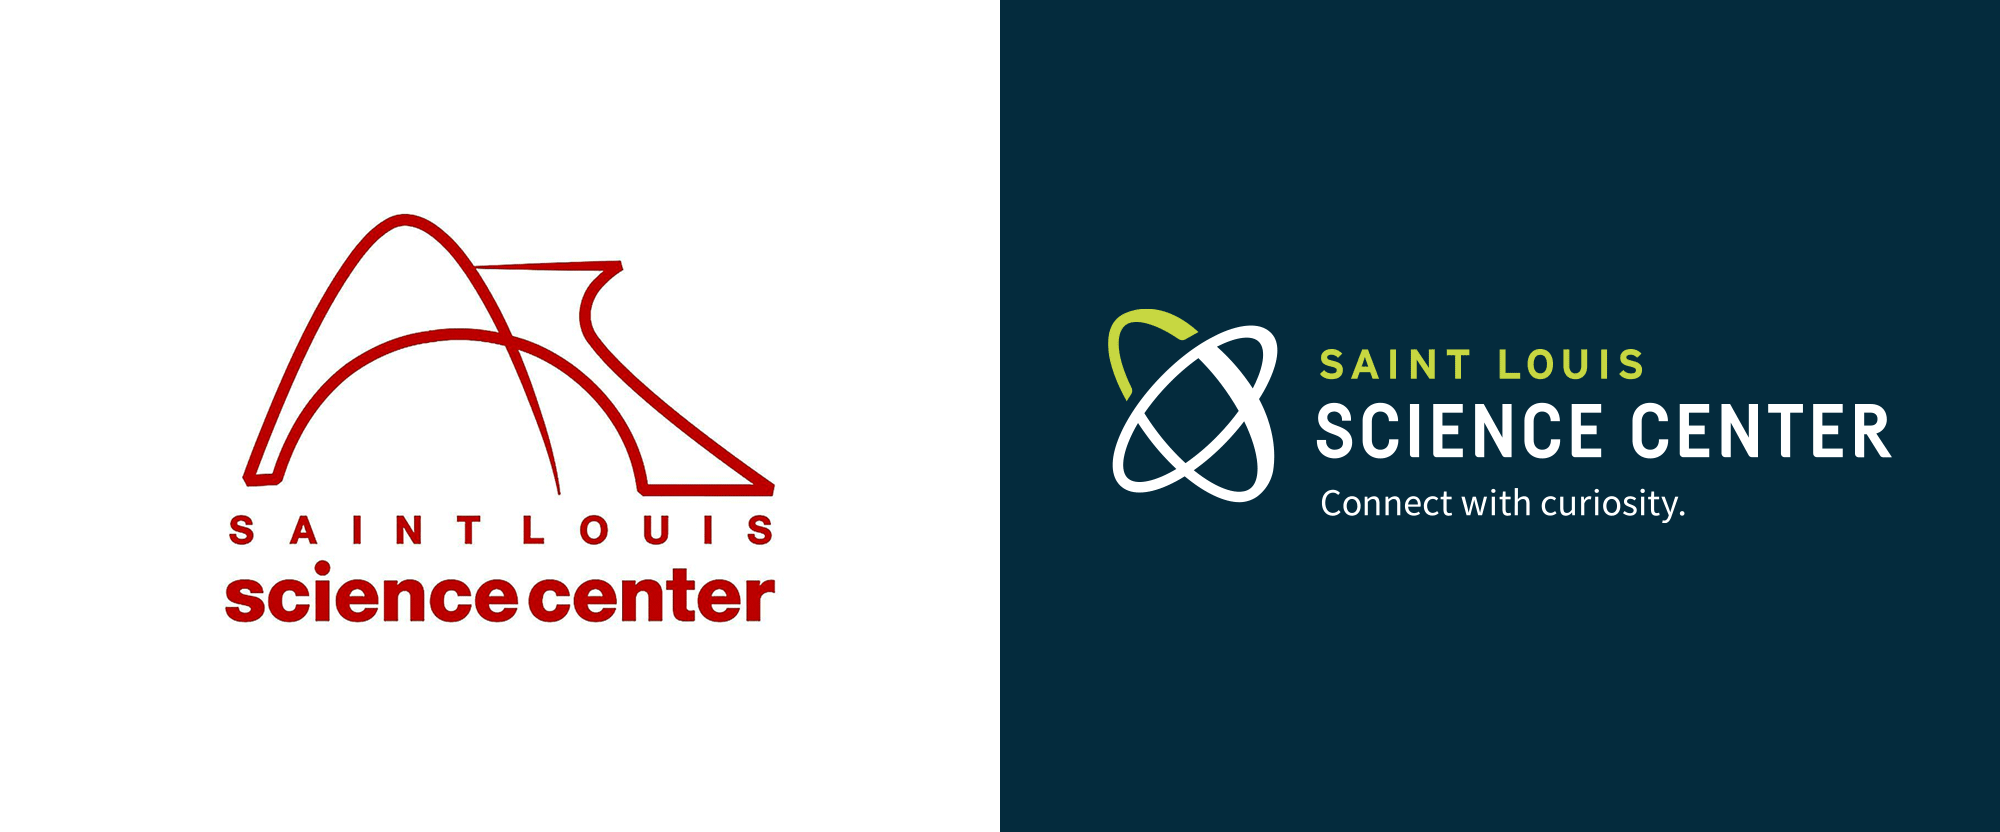 Saint-Louis Logo - Brand New: New Logo for Saint Louis Science Center by Atomicdust
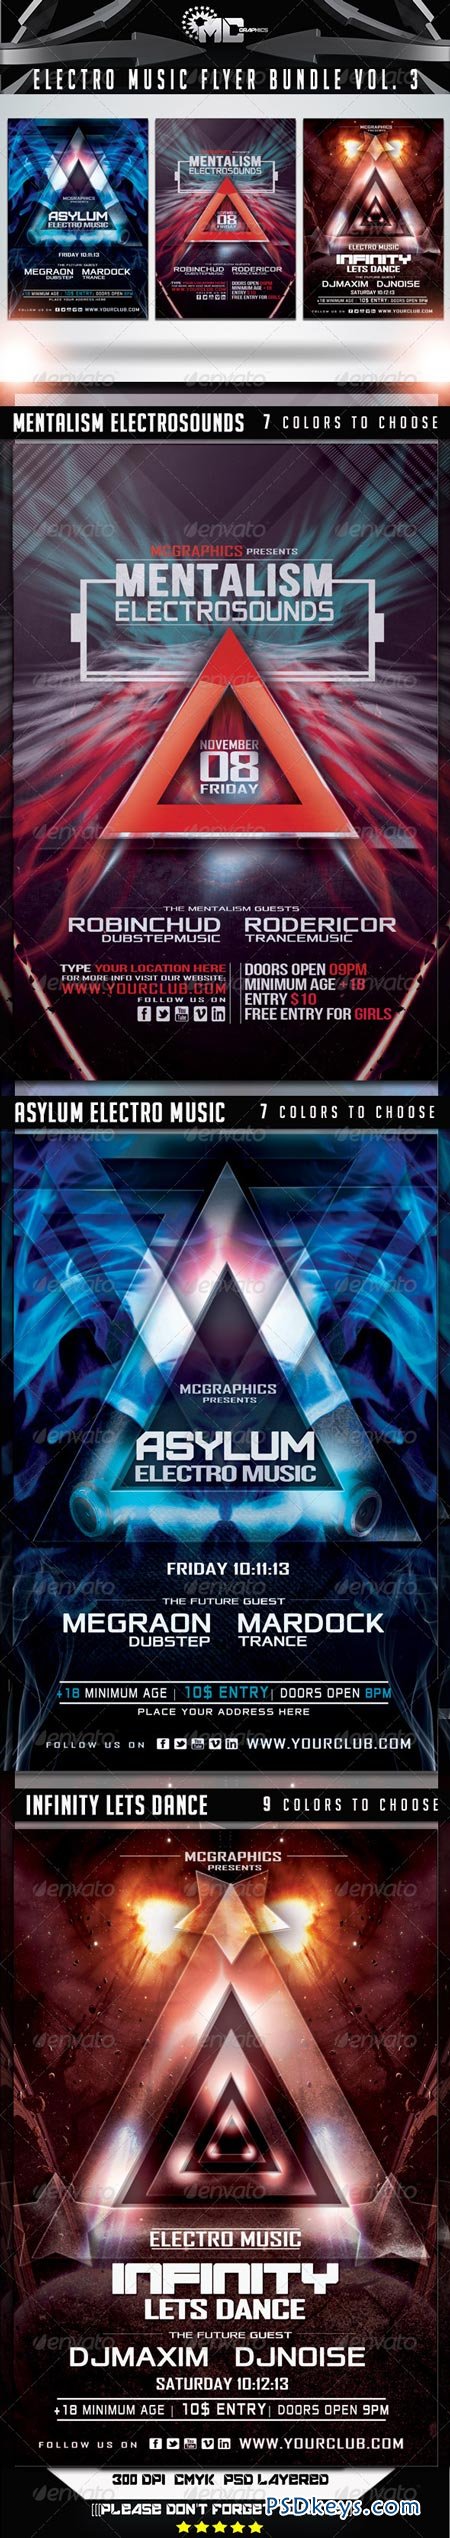 Electro Music Flyer Bundle Vol. 3 6899849
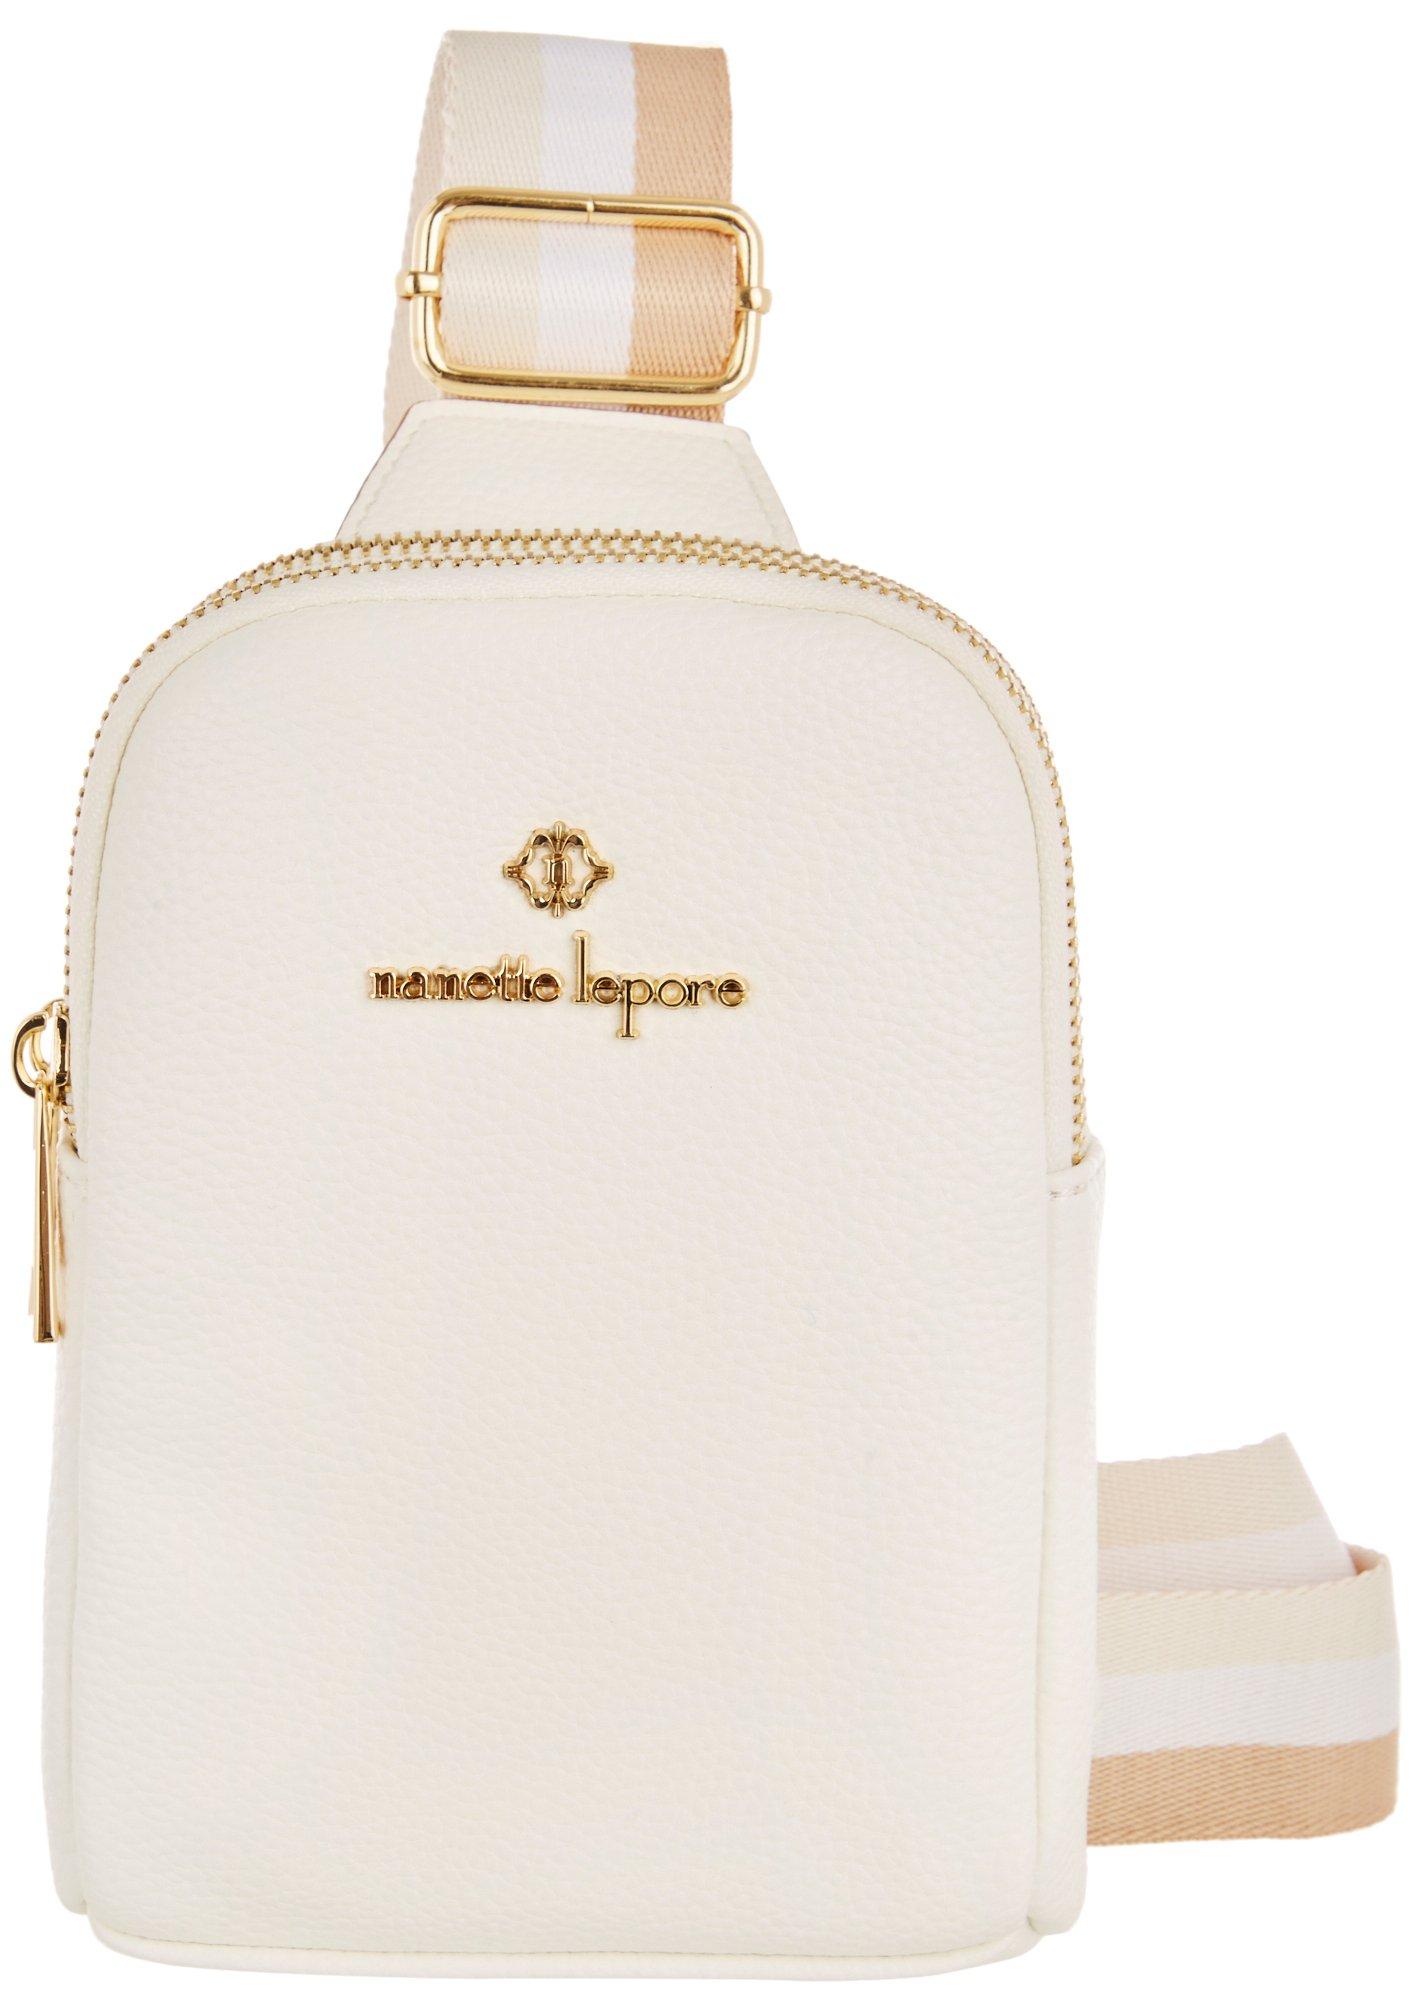 Nanette Lepore Davey Solid Mini Sling Bag

• [TASK TO CARRY OUT]: Reproduce the material above in full, images excluded.

• [RESPONSE AREA]:
 Saint-Louis Logo - Brand New: New Logo for Saint Louis Science Center by Atomicdust
 Electro Music Flyer Bundle Vol. 3 6899849
 Nanette Lepore Davey Solid Mini Sling Bag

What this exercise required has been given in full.